I can ping my Roland Versaworks SP-501 Plotter. It prints from its own software and does not use windows "print spooler."


----------



## zebart (Oct 25, 2019)

Well if you cant ping them, did any encryption change on your router or a firmware update? I would connect to your router via your browser to see if your devices are recognized.


----------



## ricke11205 (Oct 24, 2019)

zebart said:


> Well if you cant ping them, did any encryption change on your router or a firmware update? I would connect to your router via your browser to see if your devices are recognized.


Router pings and is recognizable in Firefox browser. No firmware updates that I know of. I am the only it guy to work on this network. Router and Roland plotter do ping. No network ping to printers.


----------



## zebart (Oct 25, 2019)

Are you able to install the Canon app on your phone to connect to your printers?


----------



## ricke11205 (Oct 24, 2019)

Yes my iphone recognizes the printers.


----------



## SeanLaurence (Sep 6, 2019)

To recap - and clarify:
On the afflicted PC, it you try to start the "Print Spooler" task, it fails to start.
If you attempt to ping all but one of the printers, from the afflicted PC you get a ""Destination host unreachable." error
Pinging any of the other PC's from the afflicted PC also fails.
Pinging the router works from the afflicted PC.

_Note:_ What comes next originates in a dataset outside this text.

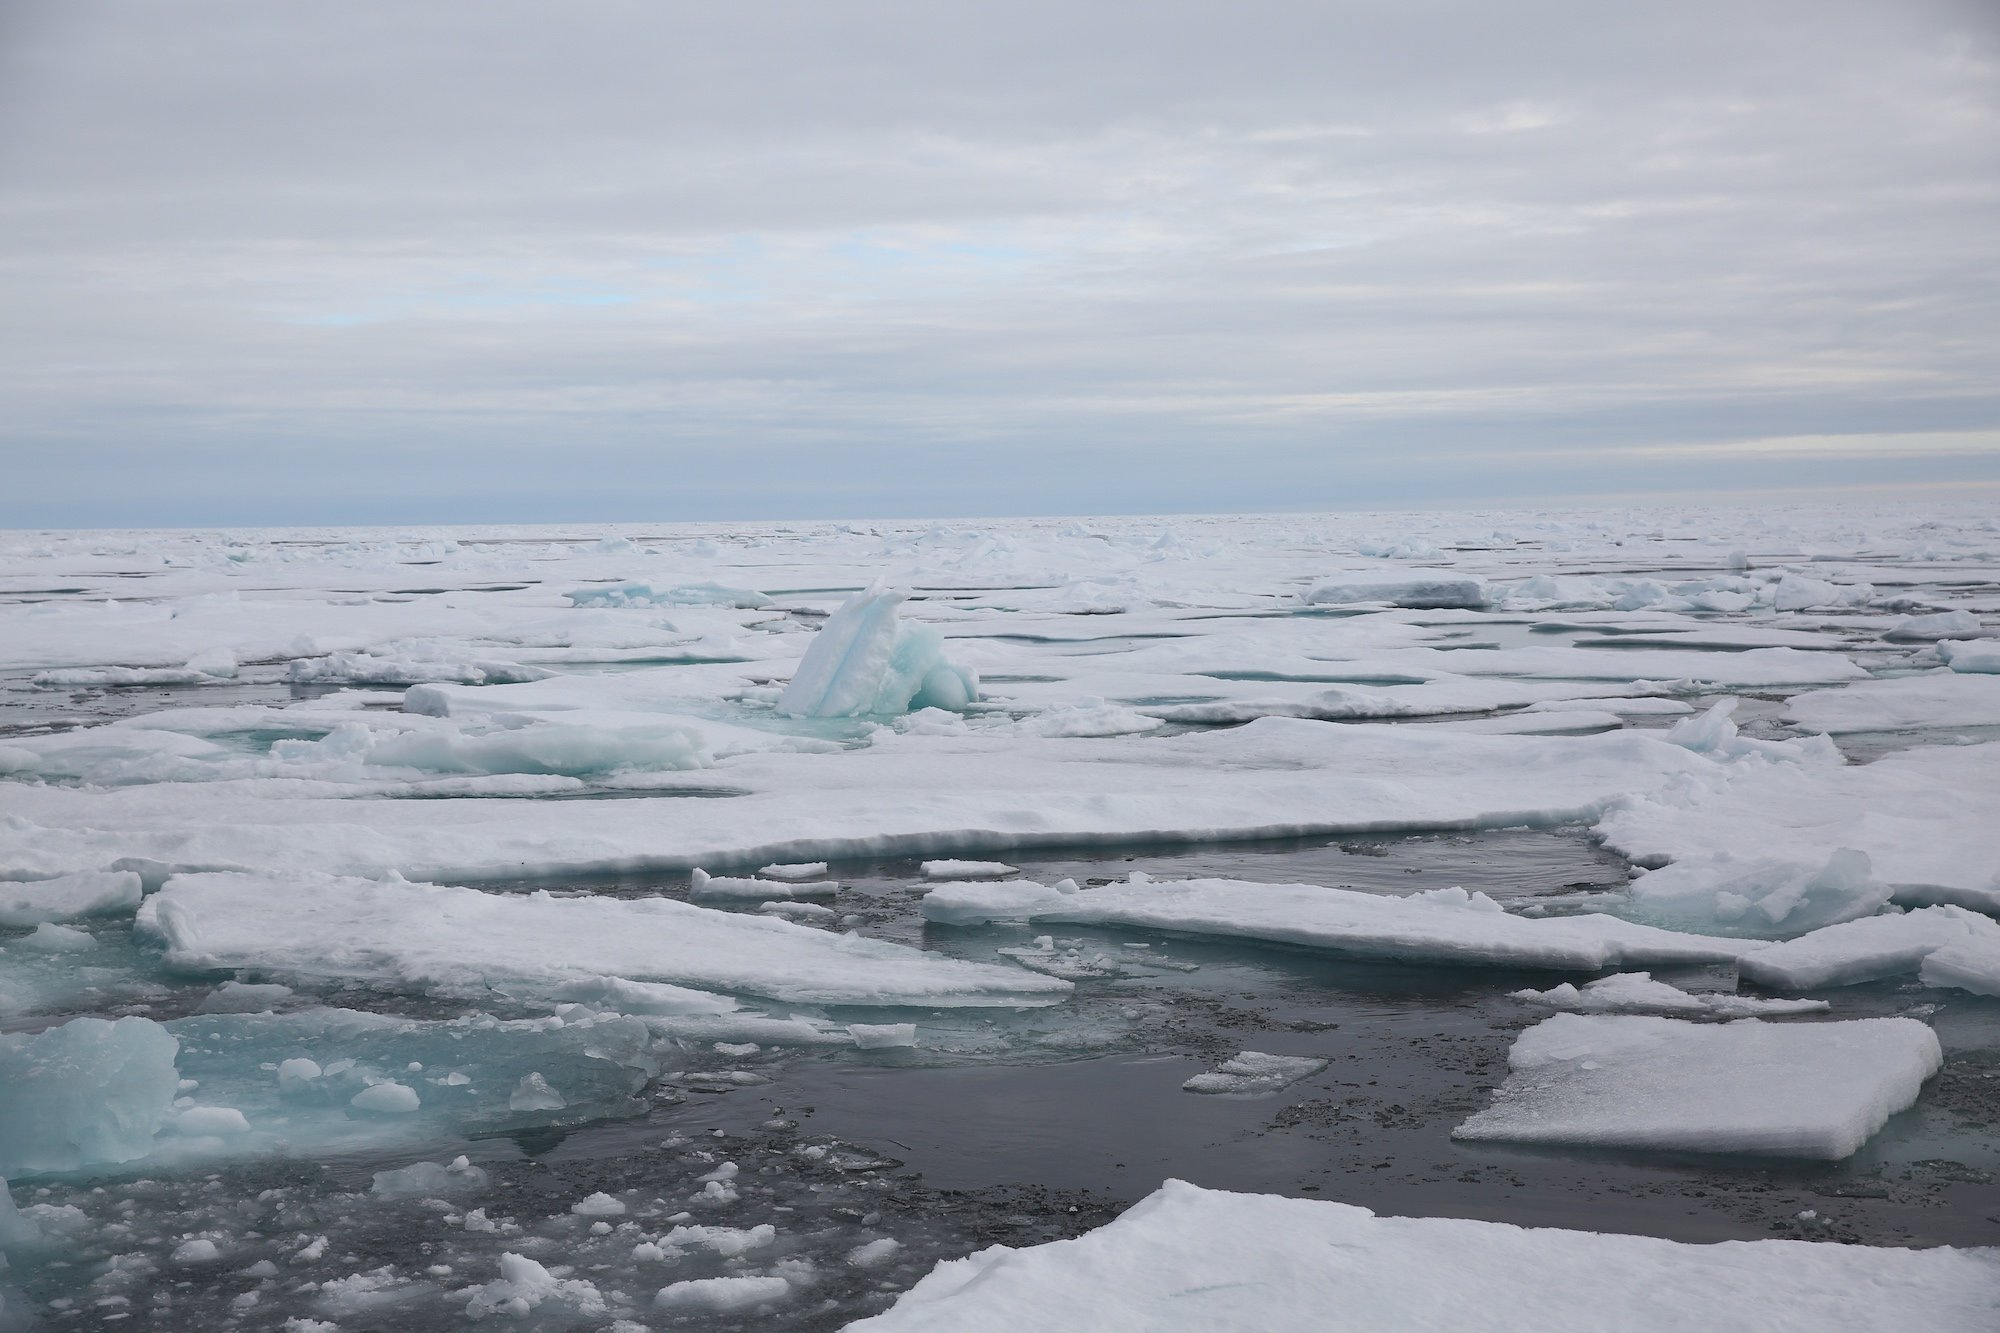 Незамерзающее арктическое море. Арктика Онега. Кромка льда в Баренцевом море. Обледенение в Баренцевом море. Отчет от южных морей до полярного края
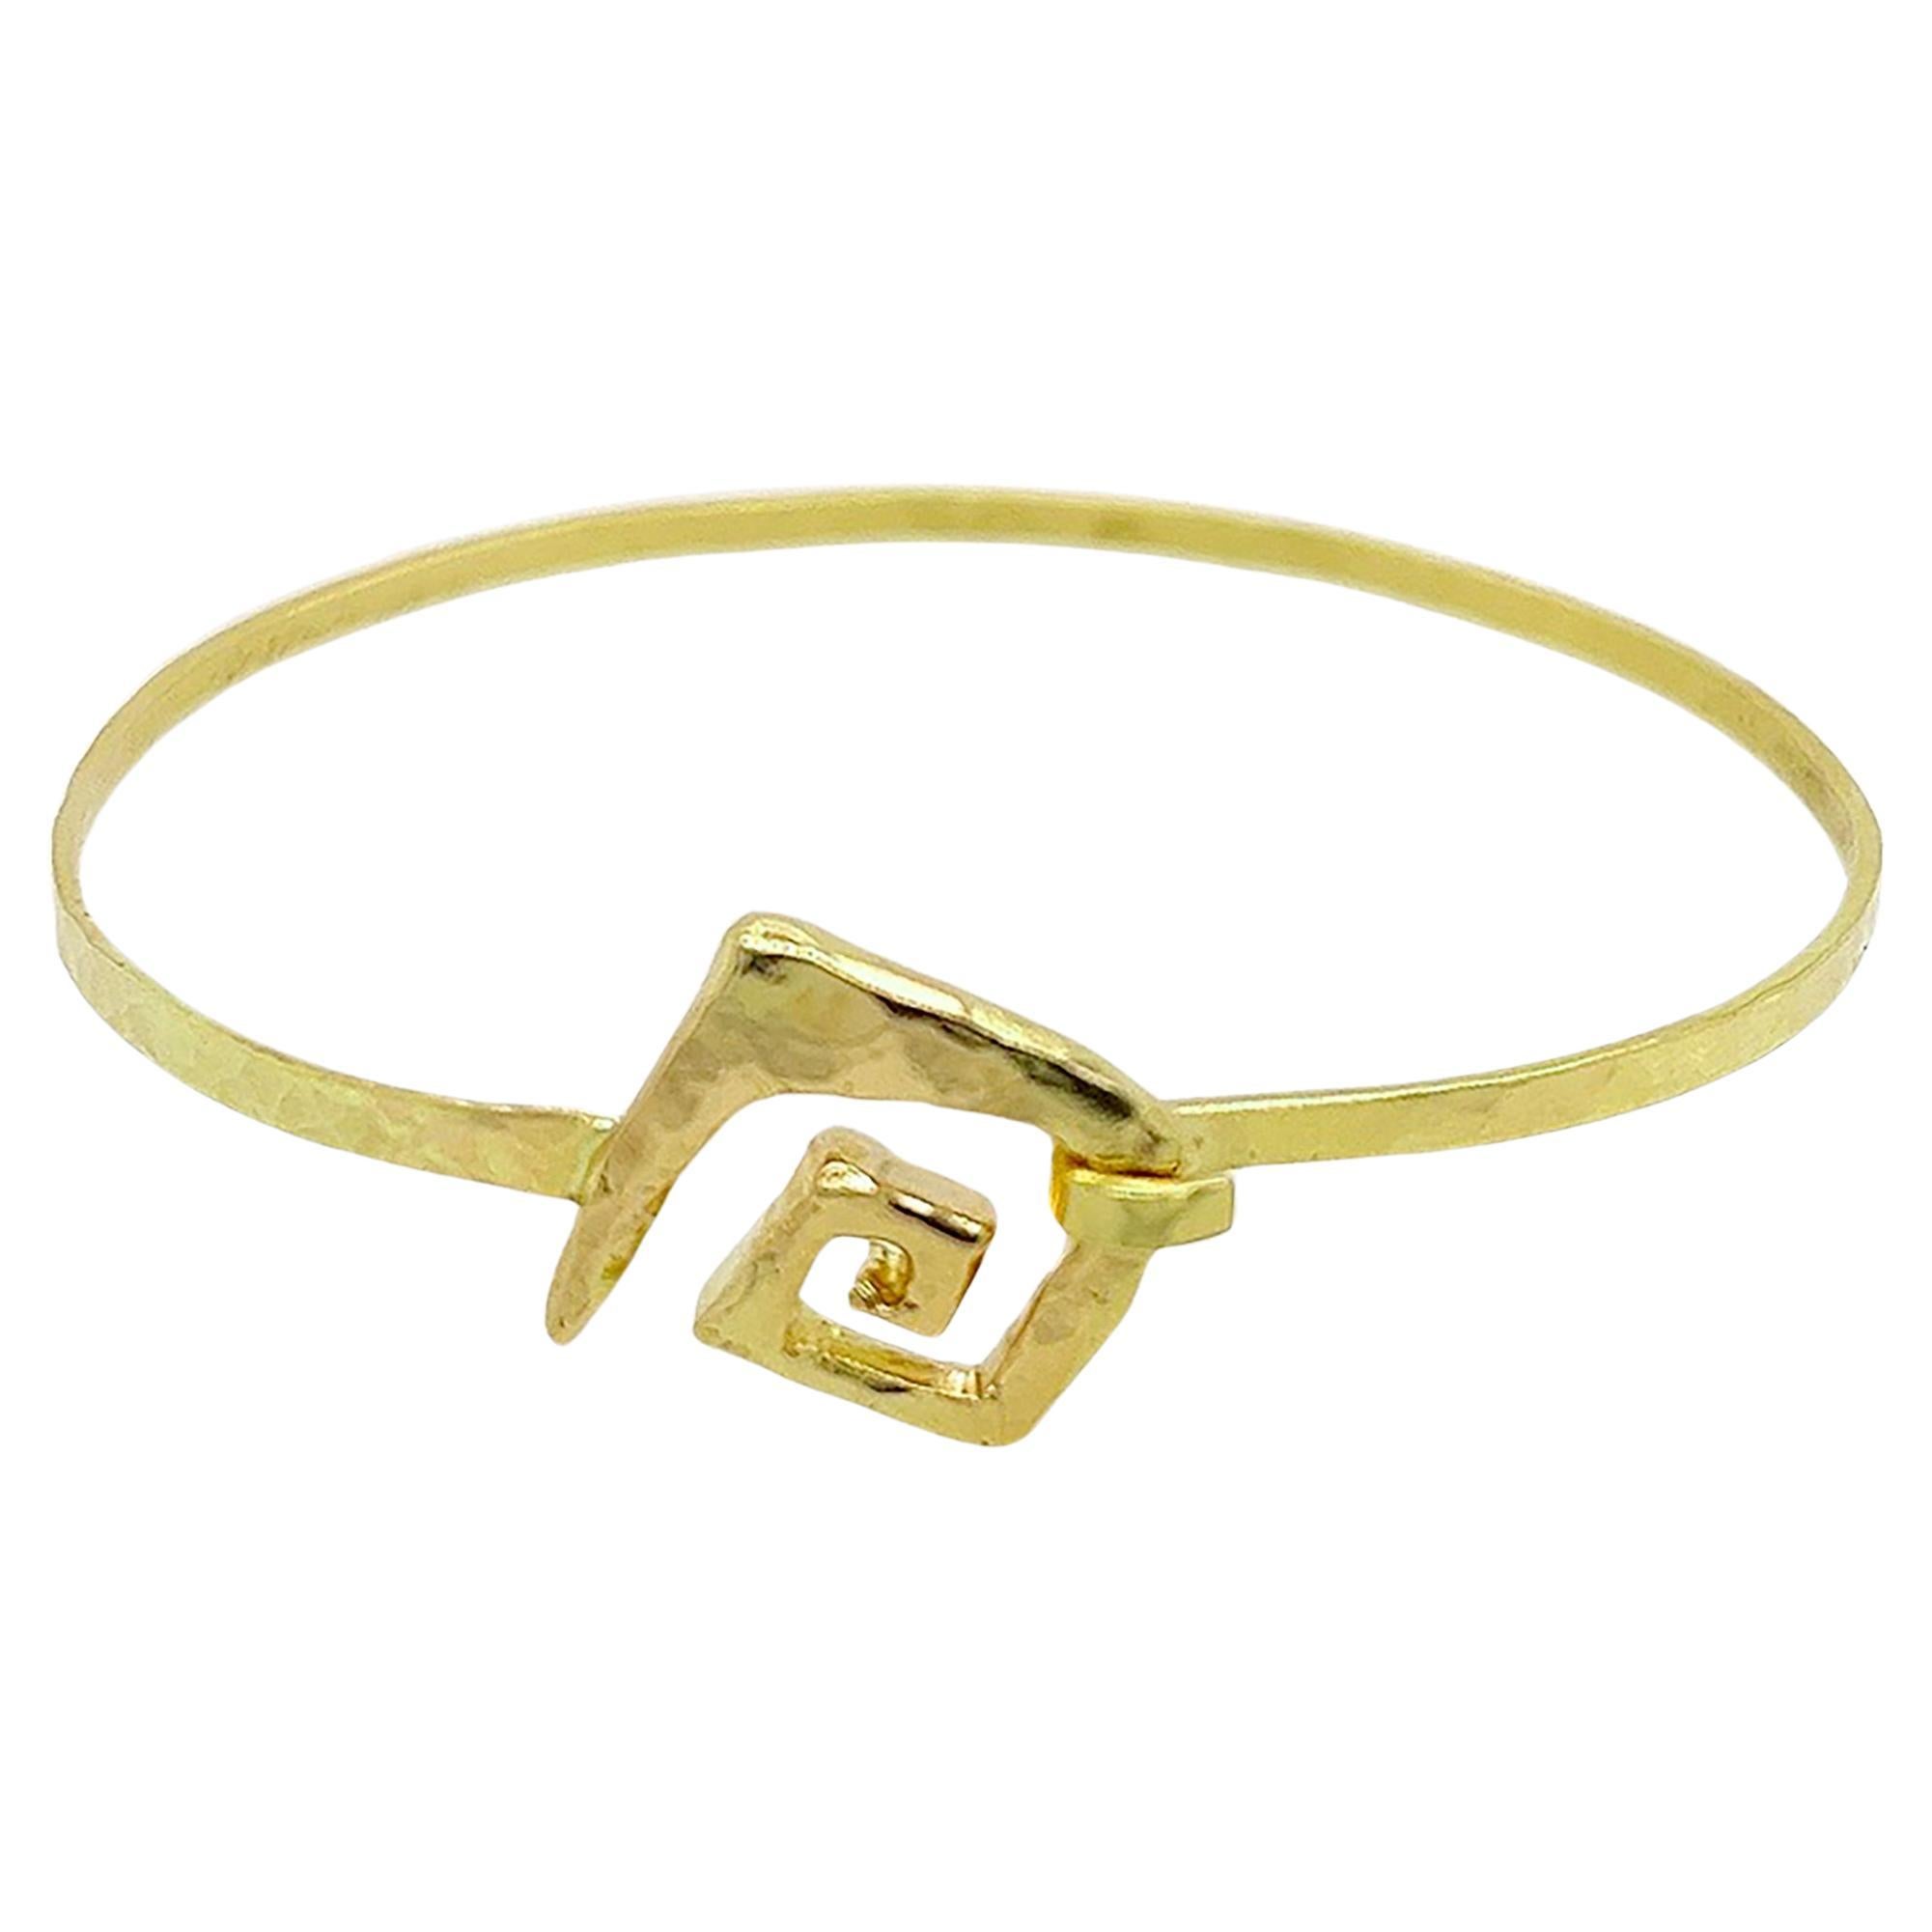 Susan Crow Studio – The Meander Gold Bracelet For Sale

Pinging the printers and printing work fine from the other PC's.

*sc query spooler* returns:
SERVICE_NAME: spooler
 TYPE : 110 WIN32_OWN_PROCESS (interactive)
STATE : 1 STOPPED
WIN32_EXIT_CODE : 0 (0x0)
SERVICE_EXIT_CODE : 0 (0x0)
CHECKPOINT : 0x0
WAIT_HINT : 0x0

Have you had a look in your event viewer for clues yet?


----------



## Couriant (Mar 26, 2002)

Do you have any internet security program, like Norton or McAfee? If so, let's remove them to confirm they are not causing the issue.


----------



## ricke11205 (Oct 24, 2019)

Couriant said:


> Do you have any internet security program, like Norton or McAfee? If so, let's remove them to confirm they are not causing the issue.


Removed System Mechanic & Java


----------



## ricke11205 (Oct 24, 2019)

SeanLaurence said:


> To recap - and clarify:
> On the afflicted PC, it you try to start the "Print Spooler" task, it fails to start.
> If you attempt to ping all but one of the printers, from the afflicted PC you get a ""Destination host unreachable." error
> Pinging any of the other PC's from the afflicted PC also fails.
> ...


To recap - and clarify:

On the afflicted PC, it you try to start the "Print Spooler" task, it fails to start. :Correct
If you attempt to ping all but one of the printers, from the afflicted PC you get a ""Destination host unreachable." error: Correct
Pinging any of the other PC's from the afflicted PC also fails. :Correct
Pinging the router works from the afflicted PC. :Correct

Pinging the printers and printing work fine from the other PC's. :Correct
event viewer ? I dont know what to look for.


----------



## Couriant (Mar 26, 2002)

I assume you rebooted and still having issues?


----------



## ricke11205 (Oct 24, 2019)

Couriant said:


> I assume you rebooted and still having issues?


Yes, now exporer is freezing up. I get a spinnning blue circle but folder wont open. Maybe its time for a windows reinstall. I hate the wasted time reinstalling everything.


----------



## SeanLaurence (Sep 6, 2019)

I hear you brother. Reinstalling windows is a huge pain. Especially when you have software on your system that requires a software licence.
You could try the WUReset script:
https://gallery.technet.microsoft.com/scriptcenter/Reset-Windows-Update-Agent-d824badc
It does a bunch of stuff, designed to fix issues with windows updater, but it will fix other issues in the process.
https://gallery.technet.microsoft.com/scriptcenter/Reset-Windows-Update-Agent-d824bad


----------



## Couriant (Mar 26, 2002)

See if you can do this:


Open File Explorer (use the Windows key + E shortcut).
In the File menu, select Change folder and search options.
Under the General tab, look for "Open File Explorer to" and change it from Quick Access to This PC.
Click OK.


----------